After this, I think Cardinal Sarah's book on silence should be on my list. A couple of passages I found this weekend on which I would like to report:
Here are some possibly comforting lines Cardinal Sarah quotes from St. Therese of Lisieux:
Listen, this is how great your confidence should be! It should make you believe purgatory is not made for you but only for the souls that failed to recognize God's merciful love or who doubted its power to purify. With those who strive to respond to this love, Jesus is 'blind' and 'does not count' [their sins], or rather, in order to purify them, he counts only on this fire of charity that 'covers all faults' and, especially, on the fruits of his perpetual Sacrifice. Yes, despite your little infidelities, you can hope to go straight to heaven, because the good Lord desires it even more than you do, and he will surely give you what you have hoped to receive of his Mercy.

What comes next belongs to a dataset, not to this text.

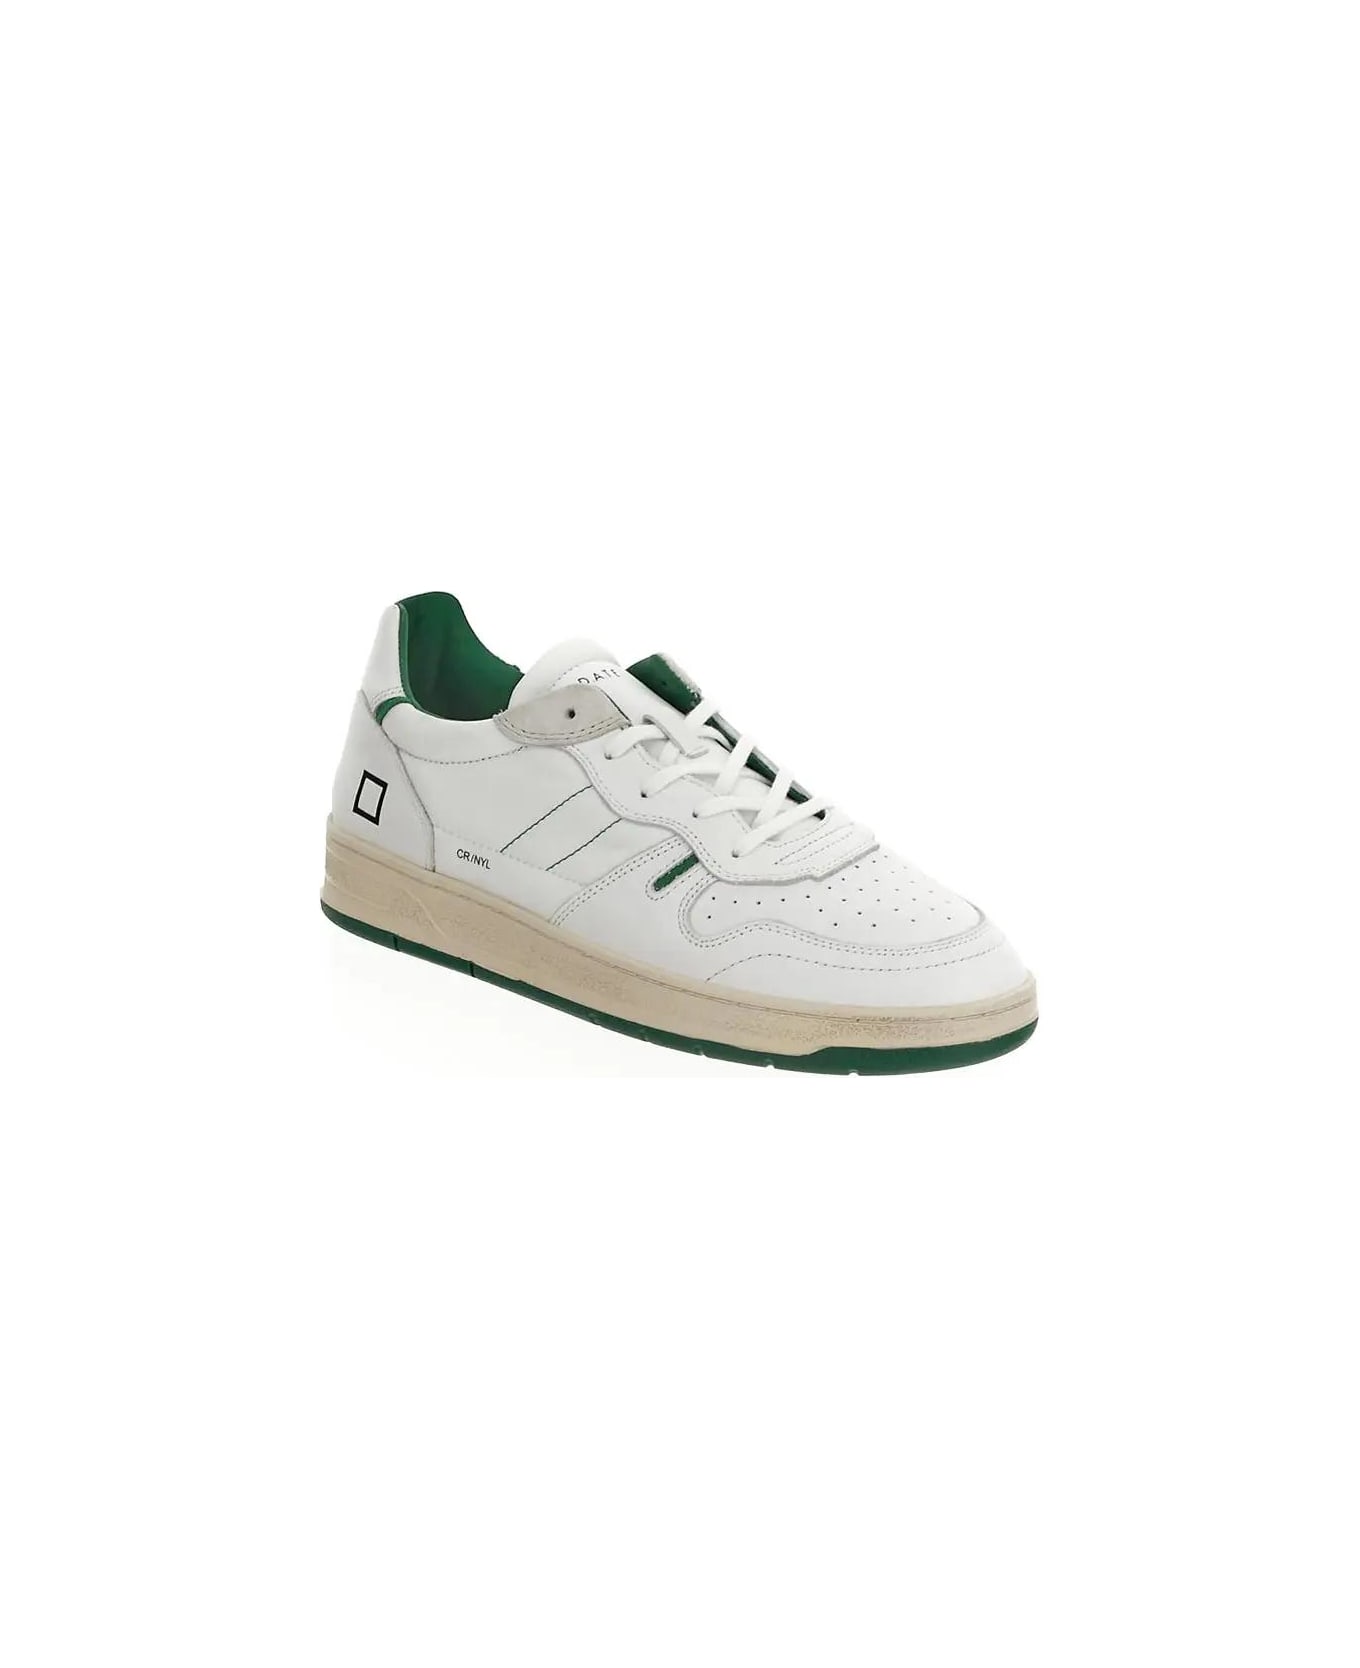 D.A.T.E. Court 2.0 Sneakers - Bianco

Your confidence and your resignation are what he will reward; his justice, which knows your frailty has been divinely arranged so as to achieve this. As you rely on this assurance, just make sure even more that he does not lose any love!
Of course, relying on these lines may lead to complacency and presumption.
And from Pope Paul VI's "smoke of Satan" homily, comes the following:
Science exists to give us truths that do not separate from God, but make us seek him all the more and celebrate him with greater intensity ....
Pope Paul VI goes on to comment on how this purpose has been turned on its head.
It is good to reflect once more as an instructor in Physics what the purpose is of what I teach.
Oremus pro invicem!
2 comments:
Wow great excerpts. I have to read that book. I'm reading the Silence book and it's fabulous so far. It's making me wish Sarah was our pope.
I don't know if Cardinal Sarah will ever be pope, but I wish all popes were like Cardinal Sarah.